Pushing my digital design skills with blurred boxes

It’s not possible to talk about JavaScript user authentication frameworks without mentioning passport.js, by far the most popular and widely-known solution out there. However, it’s important to remember that passport.js only runs on Node.js, so if you’re looking for a client-side framework, Firebase is the way to go.


Initially, I only planned to use Firebase Database in the early stages of development. I saw it as a convenient option, as I didn’t have to set up my own MongoDB instance, but I was constantly aware of becoming too dependent on it. My main gripe was that it’s a proprietary standard and I didn’t want to outsource control of my data.

A few months into the project I decided to finally set up my own MongoDB instance. I realised my requirements were:

  • ~99.9% uptime
  • Excellent performance
  • Easy application of security updates
  • A front-end to view the data
  • Automated backups

Some important context is required here; the side-project I’m working on isn’t a technical hobbyist-type project, it’s a business. My aim is to make a product available for real users to use (and eventually pay for). Therefore I wasn’t keen on the idea of spending an extra month working on configuring a database setup to meet the above requirements.

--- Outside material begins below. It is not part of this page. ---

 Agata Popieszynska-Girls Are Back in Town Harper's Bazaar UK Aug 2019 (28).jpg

Fortunately, there are a number of hosted database solutions available. One such solution is MongoDB Atlas (from the team who make MongoDB). This was starting to sound like a good option until I saw the pricing calculator. The cheapest instance is $0.09 an hour, or ~$64 a month. Compare this to the Blaze plan with Firebase Database, which meets all of the requirements above (including automated backups!) and costs only $0.026/GB. With my usage of a few hundred users (saving text-only data), my last monthly bill came to $0.30. Google is no stranger to storing data, so it makes sense they would be able to provide the most cost-efficient storage plans for a hosted database.

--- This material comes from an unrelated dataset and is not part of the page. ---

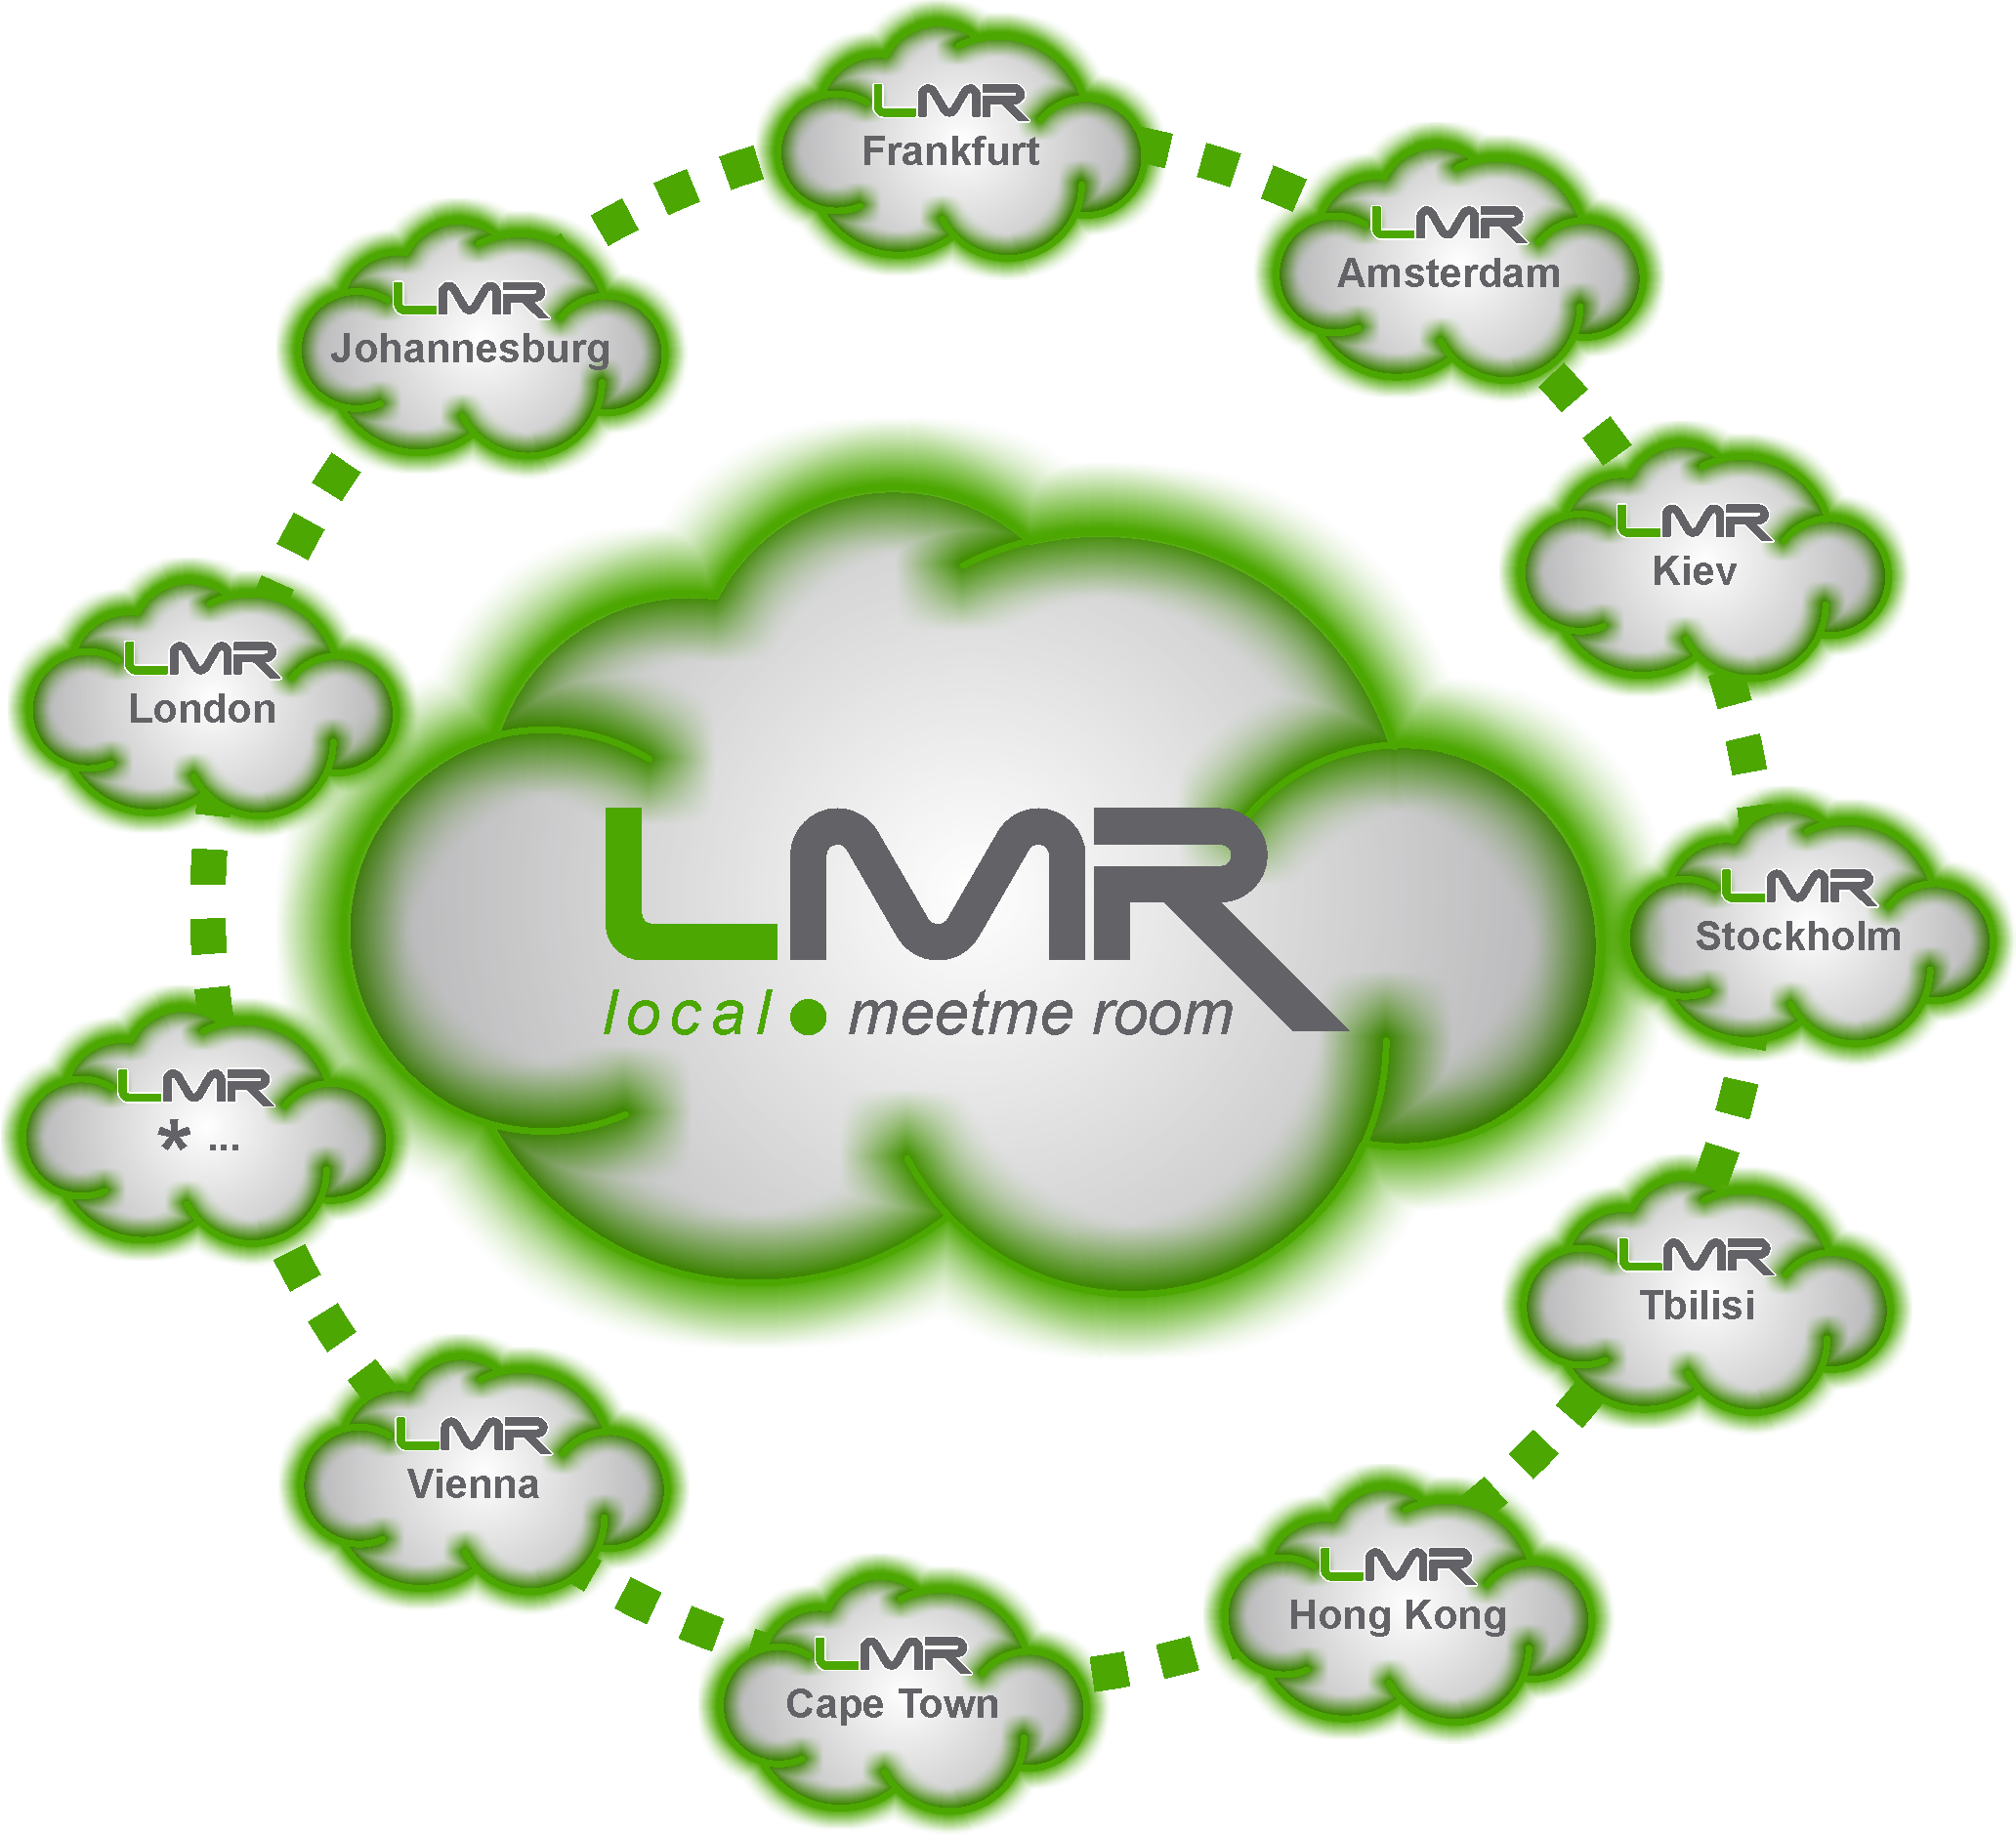 lmr locations

My remaining qualm was that Firebase Database is a proprietary standard, which I was apprehensive about until I discovered that it’s possible to export your entire database at any time to a JSON file. That means you’re free to leave whenever you like and transfer your data to another NoSQL database program. To summarise, staying with Firebase Database would give me a cheap, secure, hosted database with guaranteed uptime, along with the option to leave at any time. My search for a hosted database provider was over!

Now let’s check out how you can go about saving data to Firebase Database:

Yep. It’s genuinely as simple as that.

Now to retrieve some data:

So pretty I want to cry.

Now also feels like a good time to mention that Firebase Database automatically syncs your data across clients in realtime. That means if you have your app open on both your phone and your laptop, and you edit some data on your phone, the change will automatically be reflected on your laptop.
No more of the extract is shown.